Diagnostic Log Signatures

The failure is rarely a clean exception. Under memory pressure the mapping worker degrades non-deterministically — it emits an HTTP 503 to the platform API, silently drops a hash comparison, or aborts a container mid-unpack. The ingestion log makes the compounding failure vectors legible:

text

[INGEST-PROC] WARN  FormatMapper: Native handler timeout for DOCX/ZIP hybrid (PID: 4491)
[EXTRACT-ENG] ERROR Memory allocation exceeded threshold (2.1GB > 1.5GB cap) during OLE2 stream parsing
[HASH-VERIF] MISMATCH: SHA256(expected: a3f8...) != SHA256(actual: 7b2c...) for native payload
[PRIV-LOG]   WARN  Orphaned child document detected; parent container extraction aborted
[MAP-EXIT]   ERROR Worker exited non-zero (code 137) after OOM-kill of PID 4491

Exit code 137 (128 + SIGKILL) is the tell: the OS killed the worker before it finalized the mapping record, so the platform received a partial commit. Use this symptom checklist to confirm you are looking at a mapping-stage failure rather than a downstream extraction bug:

Review panel renders no text, but the native file opens correctly outside the platform.
The manifest shows a recomputed hash that differs from the collection-time digest.
Child items (attachments, embedded objects) appear without a parent, or the parent lists a child count higher than the ingested count.
Worker logs show a code 137 / code 139 exit adjacent to a 503 returned to the platform API.

Root-Cause Breakdown

Three mechanics, usually acting together, produce the signatures above:

Hybrid container overhead. Modern Office files (DOCX, XLSX, PPTX) are ZIP archives that frequently embed OLE2 streams. Decompressing the ZIP and parsing the embedded compound file simultaneously pushes thread-local allocation past the worker’s memory ceiling, triggering a stop-the-world garbage-collection pause and, eventually, the OOM-kill.
Hash-state corruption. When a rolling hash buffer is interrupted mid-read — because the process was paused or killed — the digest is finalized over an incomplete byte stream. The result is a mismatch against the collection-time value even though the file on disk is intact, which is why disciplined cryptographic hash generation must stream over bounded reads and finalize only after the whole payload is consumed.
Fallback that skips validation. With no explicit fallback rule, an unrecognized signature routes to a legacy parser that bypasses magic-byte reconciliation entirely — the same class of misrouting analyzed in MIME type detection with libmagic. A spoofed .docx that is really a ZIP bomb then reaches an unguarded extractor, and the memory ceiling is breached before any integrity check runs.

Remediation Architecture

The fix is to make mapping deterministic and memory-bounded before it ever calls the platform API. Normalization must follow a fixed sequence so that no parser runs until the payload has been identified, isolated, and hashed:

Signature verification — validate magic bytes against a curated registry to defeat extension spoofing.
Container boundary enforcement — isolate embedded streams (OLE2, ZIP entries, PDF attachments) before invoking any downstream parser.
Hash chain initialization — compute SHA-256 and MD5 over the raw native payload prior to any transformation.
Metadata propagation — attach privilege tags, custodian identifiers, and family pointers to the normalized record.

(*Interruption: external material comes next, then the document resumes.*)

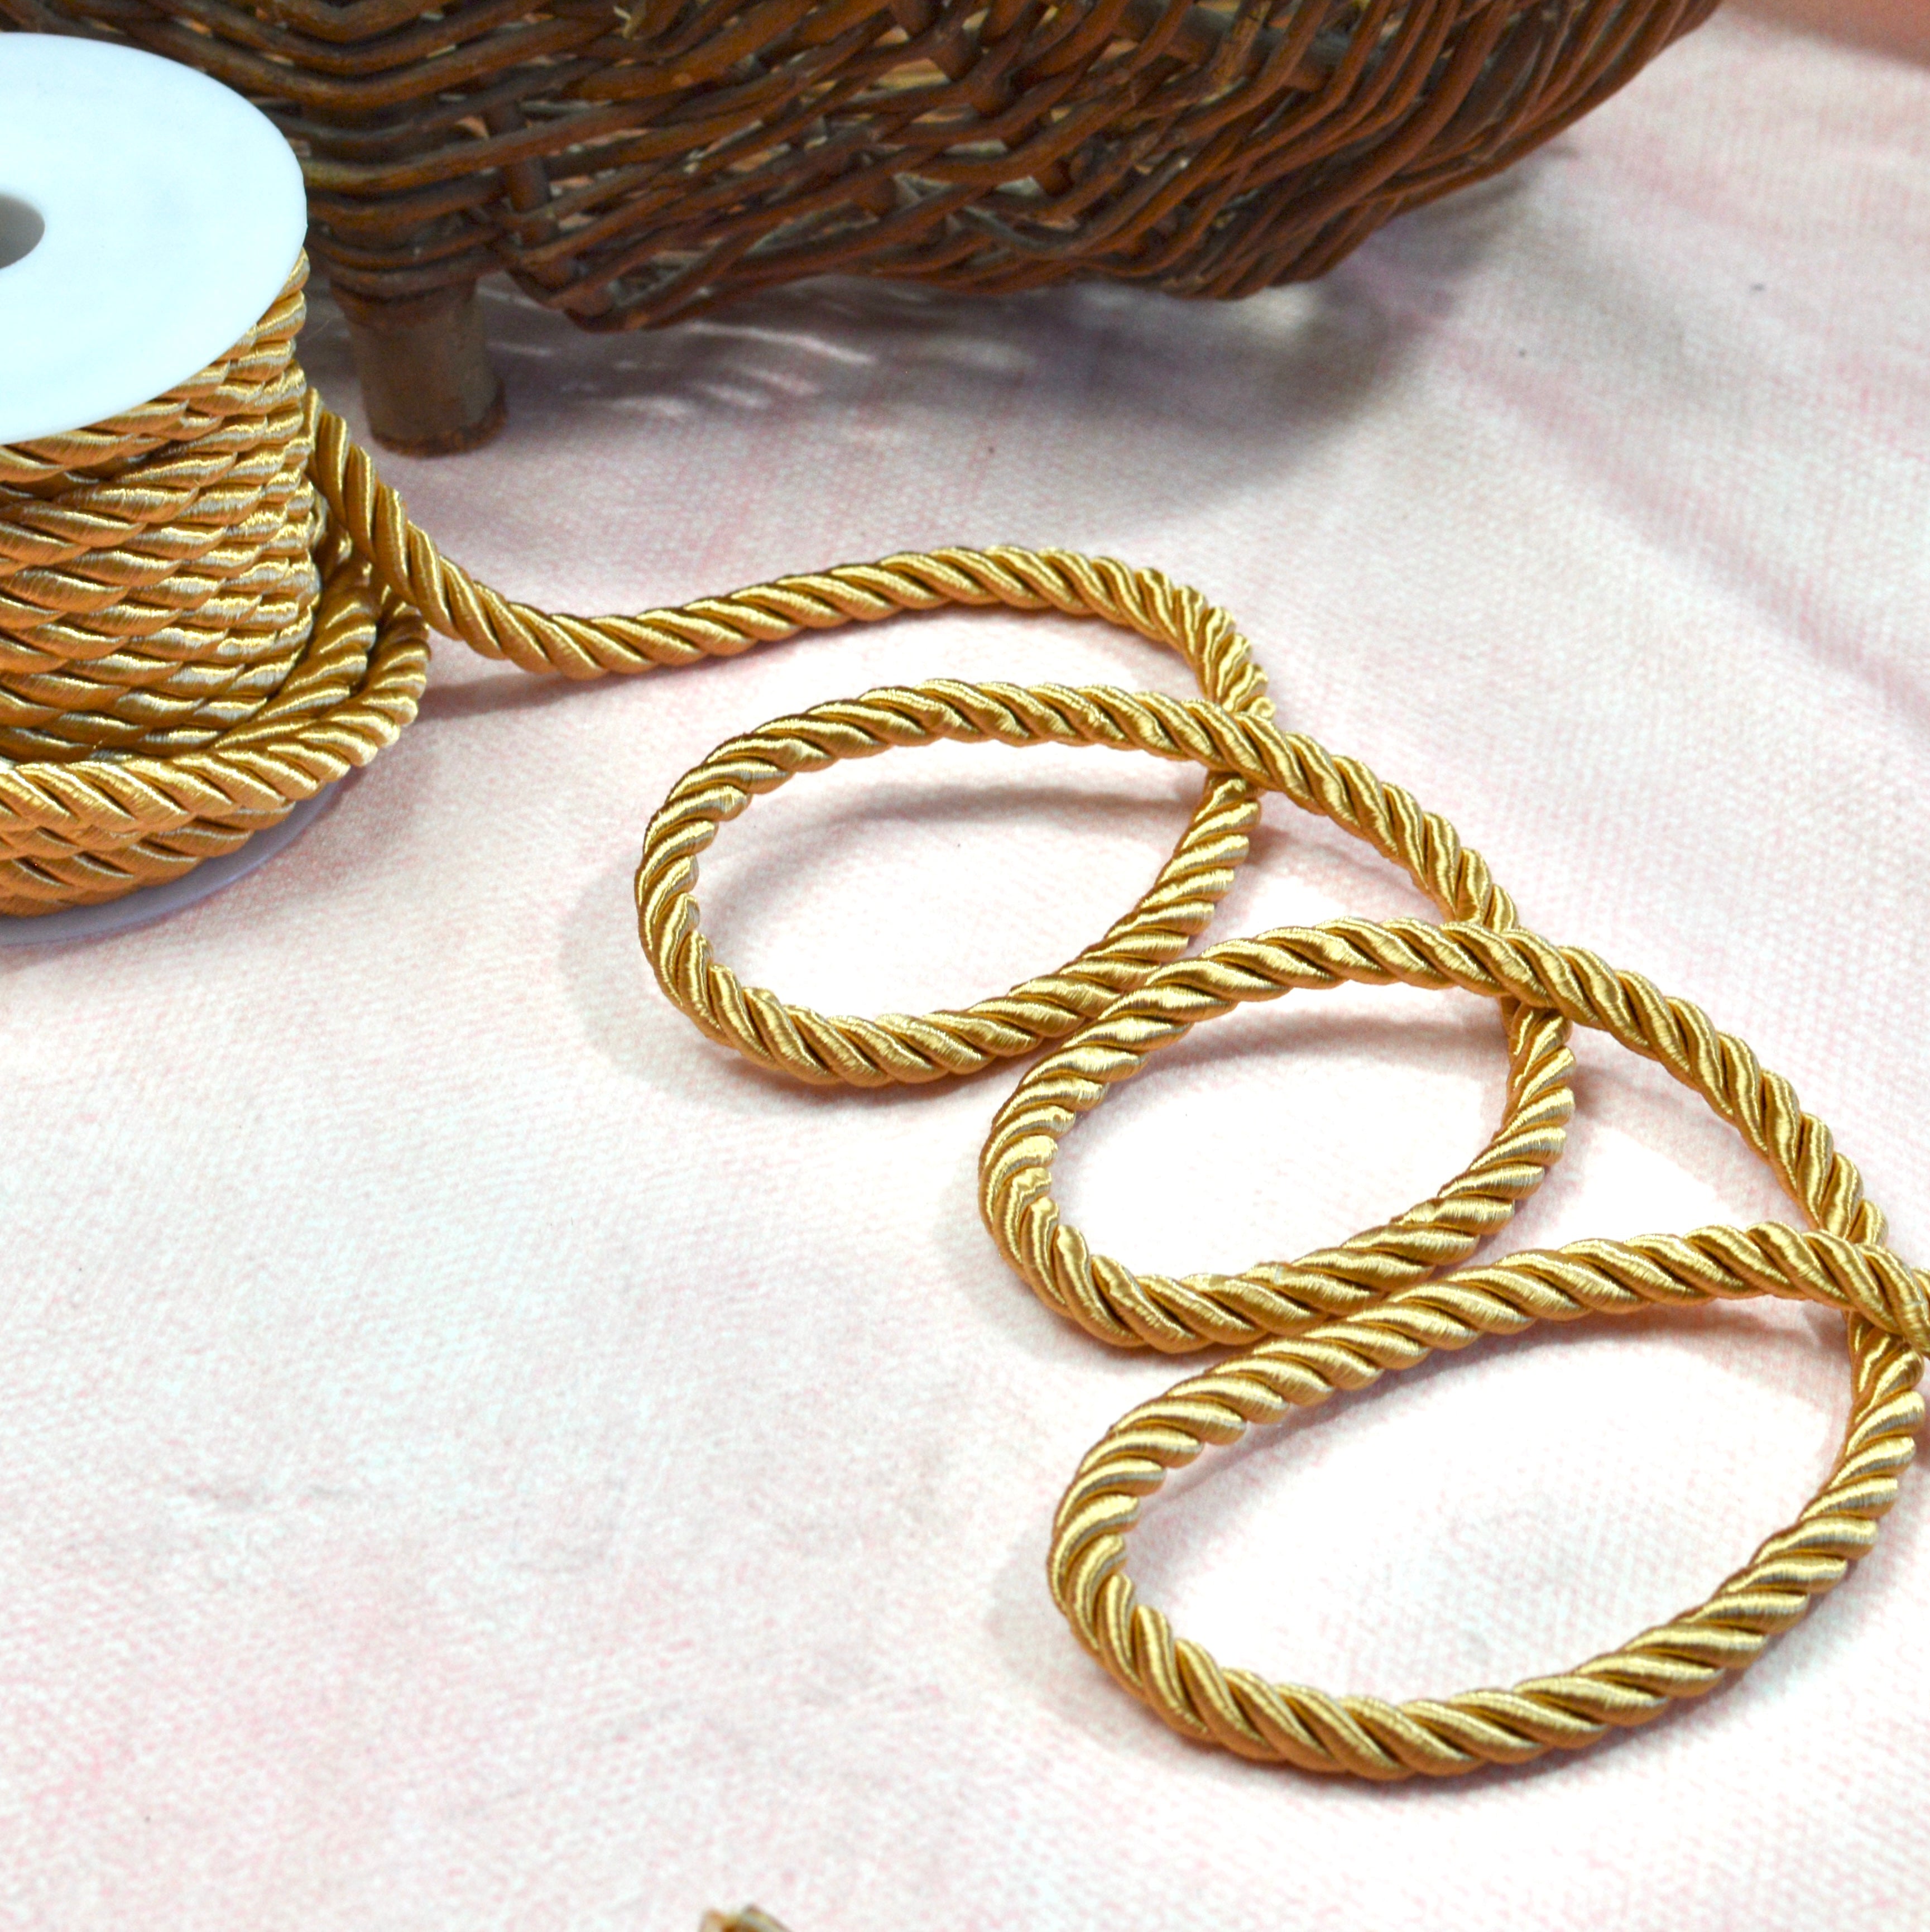 Hoodiekordel 10 mm dunkel gold glänzend Fabric poshpinks

The diagram below shows this deterministic normalization sequence end to end.

The following implementation makes each stage explicit, with a memory guardrail that rejects an archive whose uncompressed payload would breach the ceiling — closing the zip-bomb path — and streamed hashing that keeps peak memory independent of file size. It aligns with Python’s zipfile documentation and the FIPS 180-4 hashing standard.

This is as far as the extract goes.